I was already walking away, to pack my bag and bid Sarah a proper farewell.

Jonathan fell asleep as the train pulled out of the station, curled into a ball with his head on Holmes's arm. I envied him.

Eventually Holmes said, "Are you feeling any better?"

"I don't have a five inch rip in my side."

"That's not what I meant."

"Then no. I'm not feeling better, and I cannot properly articulate my mood." With less heat I added, "I shall let you know when the situation changes."

"Very well." Holmes opened the newspaper. "I shall endeavour not to theorise ahead of the facts."

"Thank you, Holmes. That's very decent of you."

In the end, I left him to his paper, one hand absently stroking Jonathan's hair, and paced up and down the length of the corridor until I began to attract attention from passengers in other compartments. Then I stepped outside and watched the scenery fly past, until we reached Eastbourne and changed trains.

It was late afternoon when we finally reached the cottage. Holmes went straight out to inspect the bees. Jonathan – now wide-awake and doubtless going to remain so until the early hours – went upstairs to retrieve his books, doubtless hoping I had forgotten my threat to have him spend the week learning irregular verbs.

I poured myself a gin and tonic, went to reassure the housekeeper – a pale imitation of Mrs Hudson, who had moved to Australia a year earlier – that none of us required an elaborate meal. I finished my drink, made myself a second, mixed a whisky-and-soda for Holmes and went outside.

He was just finishing, and accepted the drink with pleasure. Glasses in hand, we made our way through the orchard, towards the cliffs. We sat down on the low wall that marked the orchard's boundary, and drank together in silence for several minutes. The air was cool, and I was conscious of Holmes's warmth by my side.

I said slowly, "I am in the unfortunate and awkward position of being an outsider wherever I go. There are those who take it amiss when they learn I am Jewish. They're always very polite, but it is obvious what they are thinking."

"I've seen it," said Holmes. "It's a curious attitude. 'All very well for the lady to be Jewish, but must she conceal it until it's too late to snub her?'"

"Yes. Precisely. And then I have the extra problem, of being merely – tolerated – by my family."

"Because of your marriage?"

"That. And my mother's. It was difficult to cut ties with her, because she was so charismatic and," I spat the word, "charming. In any case, once her father had forgiven her, everyone else followed. But it's surprisingly easy to treat her daughter with thinly veiled contempt, because she has no charm, and few graces, and didn't even have the decency to die along with the rest."

My voice was shaking as I finished, and my throat was tight with anger.

"They surely don't believe that," said Holmes.

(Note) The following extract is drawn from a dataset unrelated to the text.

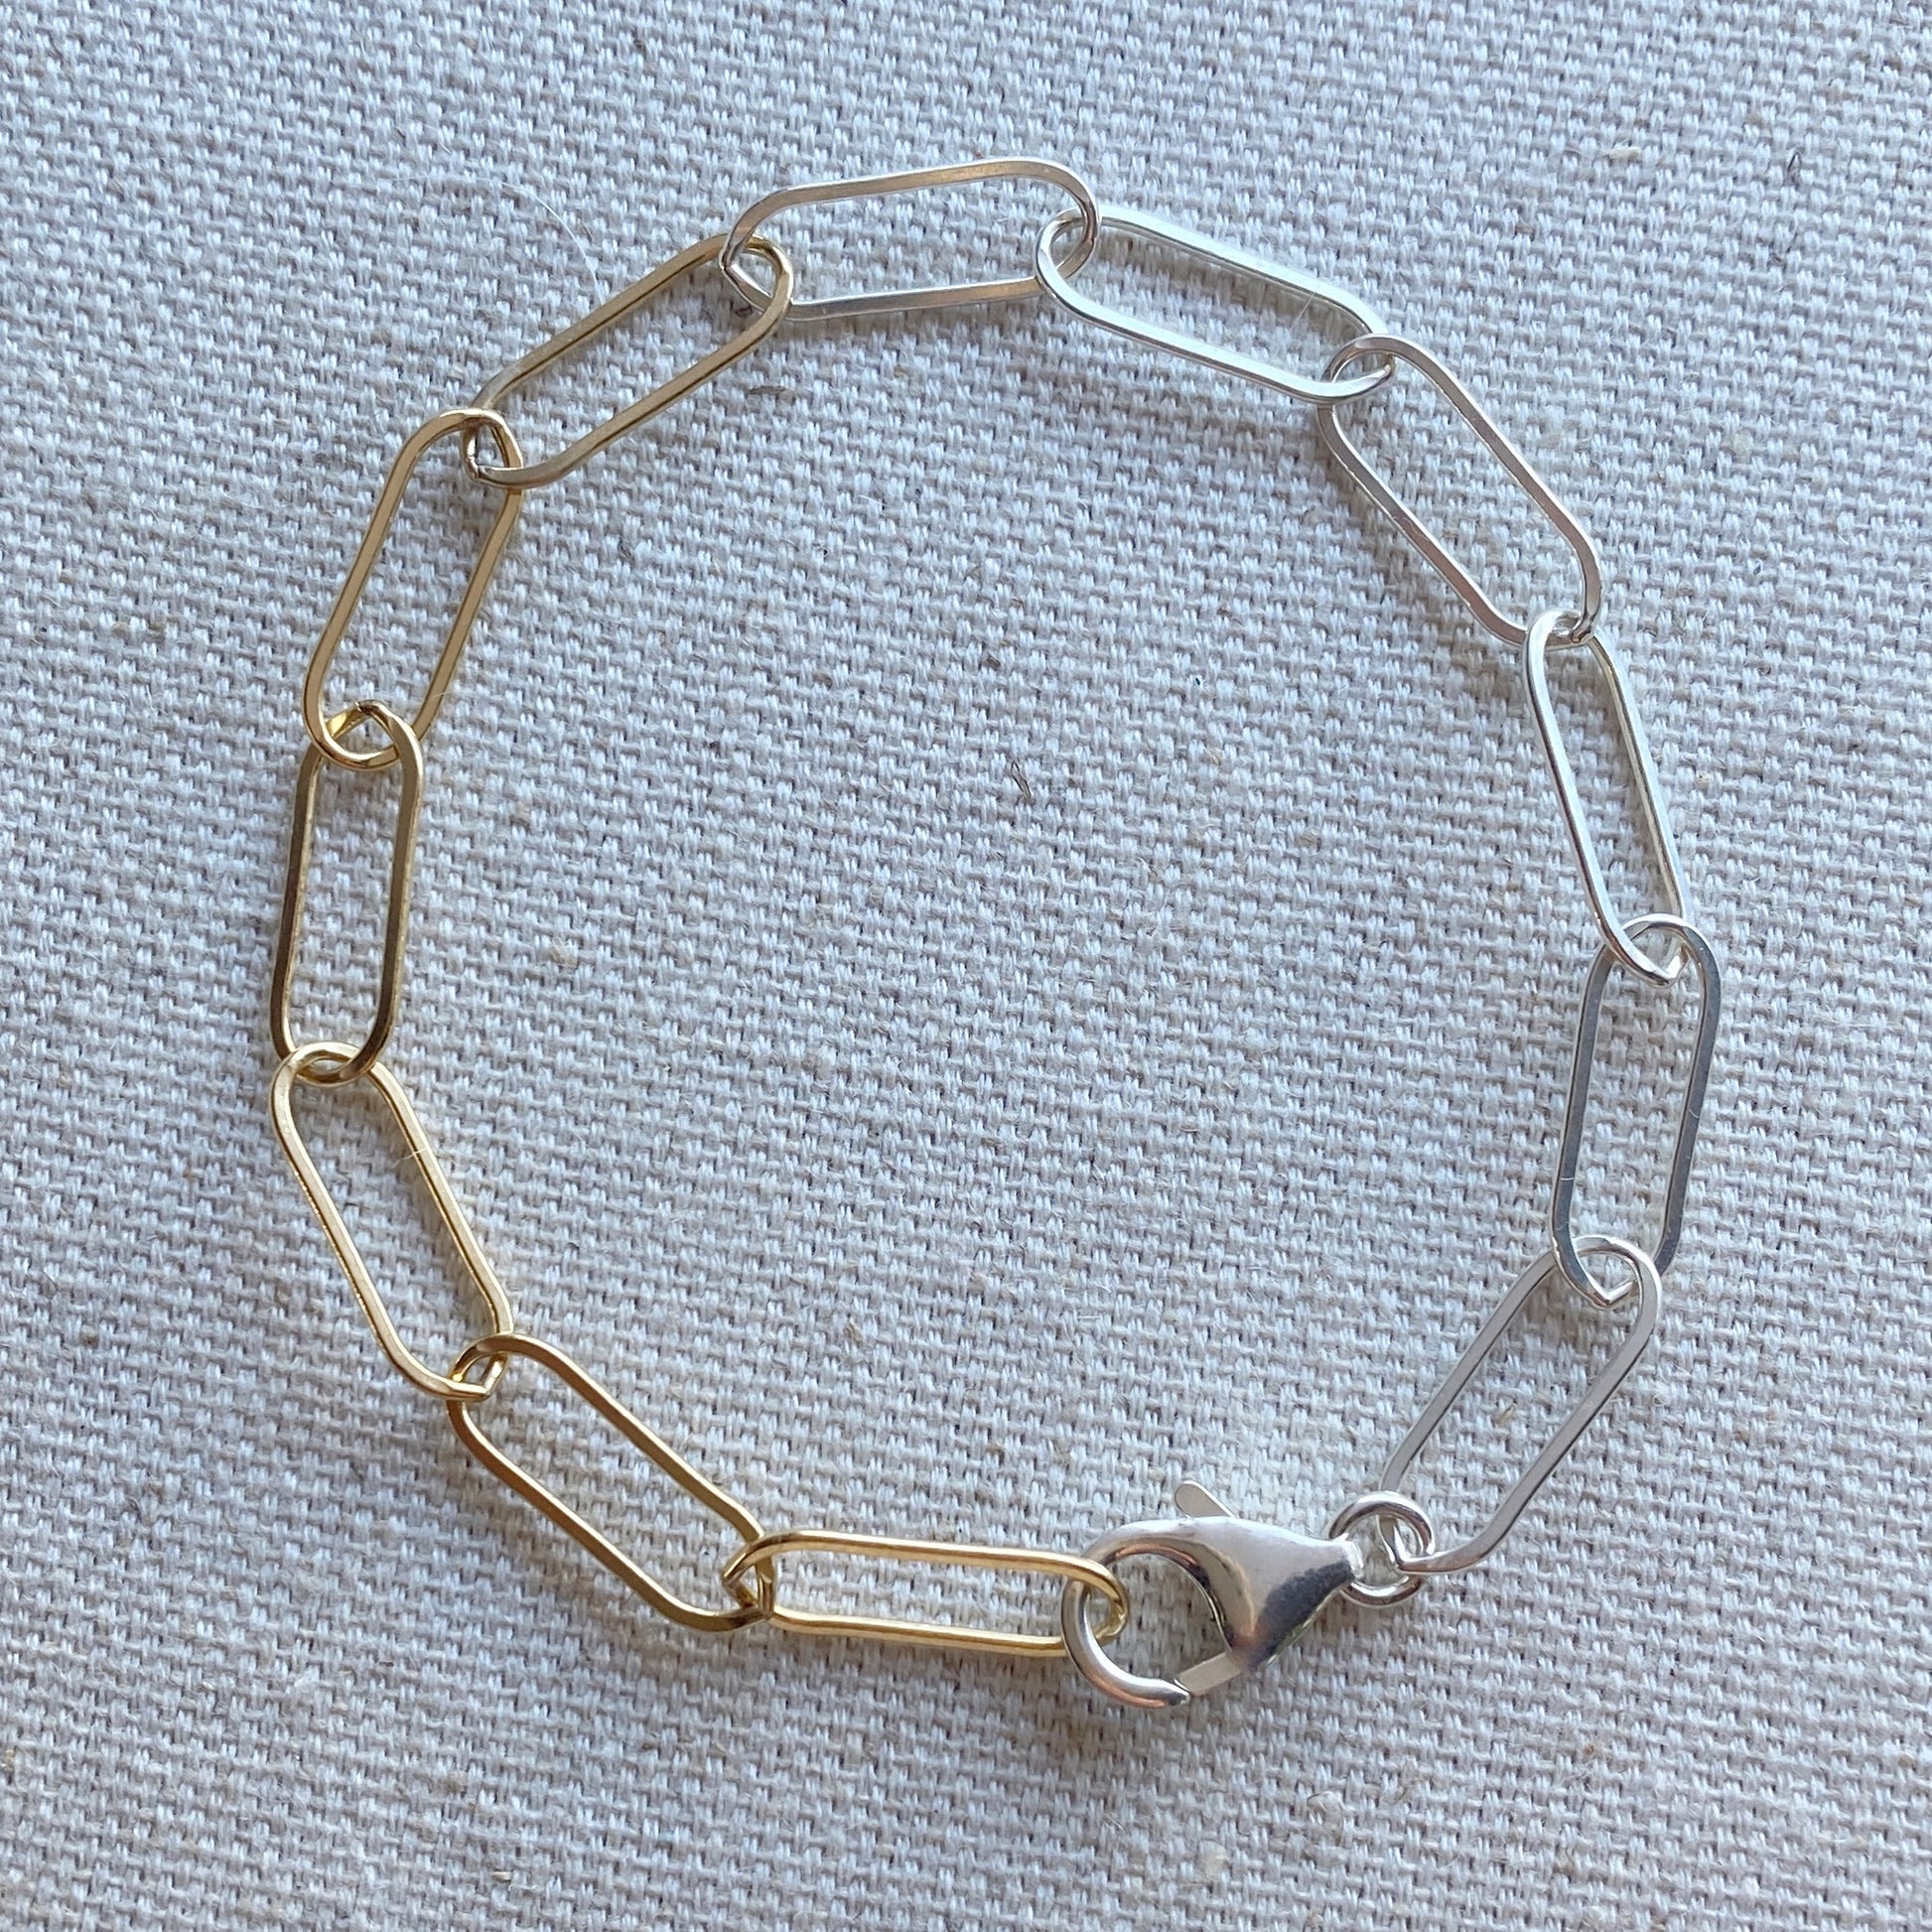 Precious Metal-plated Brass Chain Link Bracelet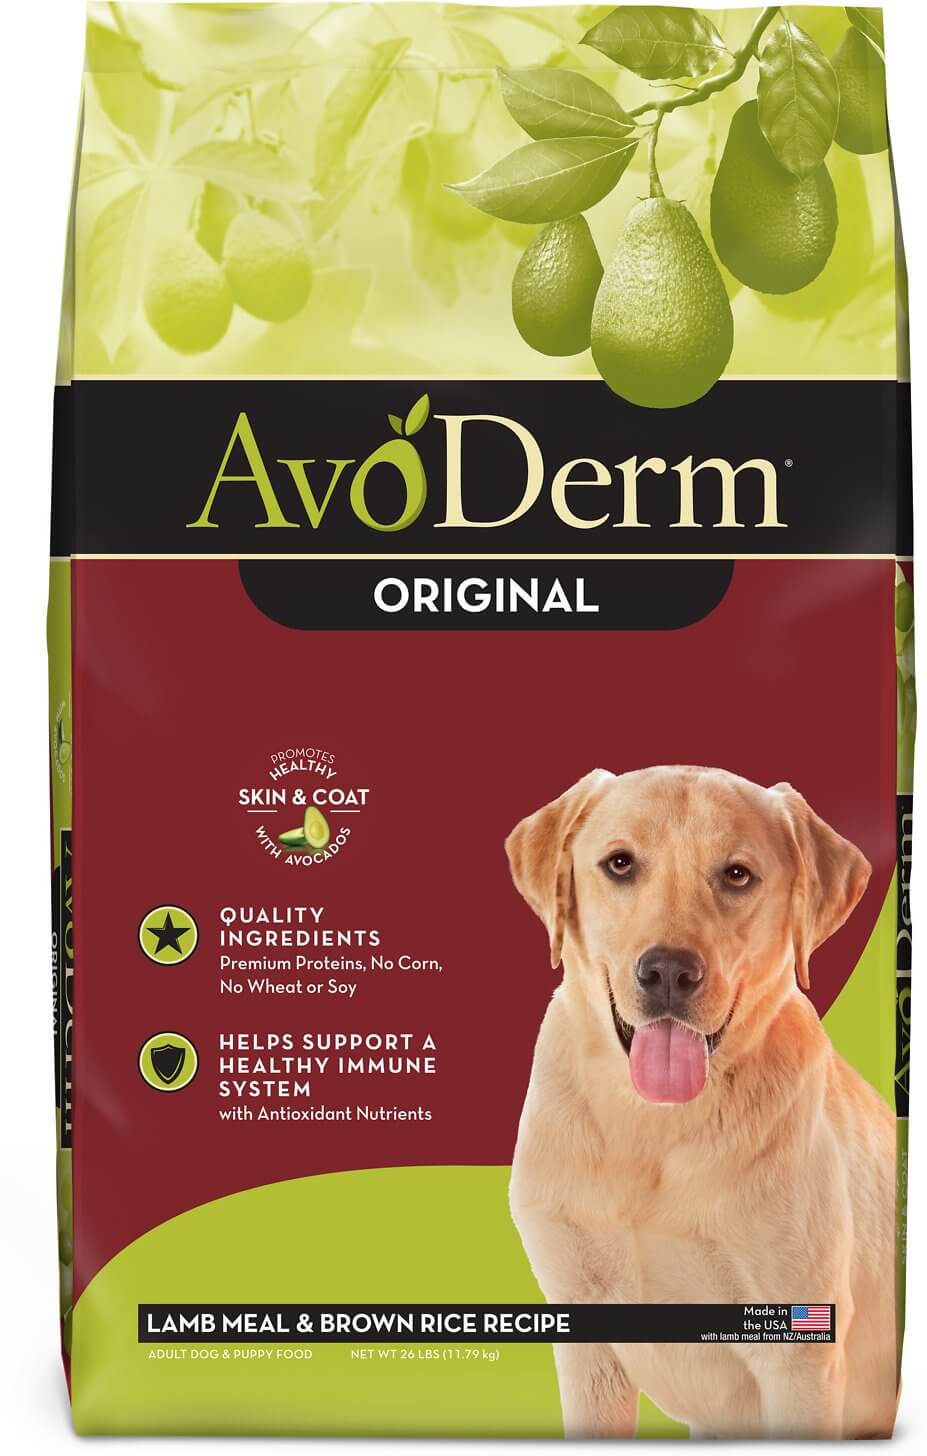 AvoDerm Natural Dog Food Review Rating Recalls

"No." I took a deep breath. "Perhaps not. But I am quite certain that if it had been Levi who lived, and chose to come to England, they would not have foisted him off on his mother's unpopular sister and forgotten about him."

Holmes said nothing, but his jaw was set.

"I'm resigned to it, really," I said. "But neither of us could be said to live sedate lives, and when I think of Jonathan – I don't want him to be a stranger to his family, or his religion. Bad enough," I managed a smile, "that he's been saddled with you and I for parents."

"A disadvantage he may have trouble living down," Holmes agreed.

"I miss my mother," I said suddenly.

Holmes had the decency not to tell me this had been obvious to him for years.

"I think, ever since Jonathan was born – I don't think I could ever match her ability to teach or nurture, but I'm trying." I swallowed my drink. It burnt my throat and nose as it went down.

Holmes squeezed my hand and let it go, rising to his feet. His stiffness, I deduced, derived less from his injury than rheumatism.

"Go inside," I said. "I'll follow in a few minutes."

He nodded and left me alone with my thoughts. But I was exhausted and empty, ready to set this day aside and prepare for tomorrow.

The sun was setting. Shabbos was over. I closed my eyes and offered a brief prayer.

Then I stood up and went inside, and locked the door behind me.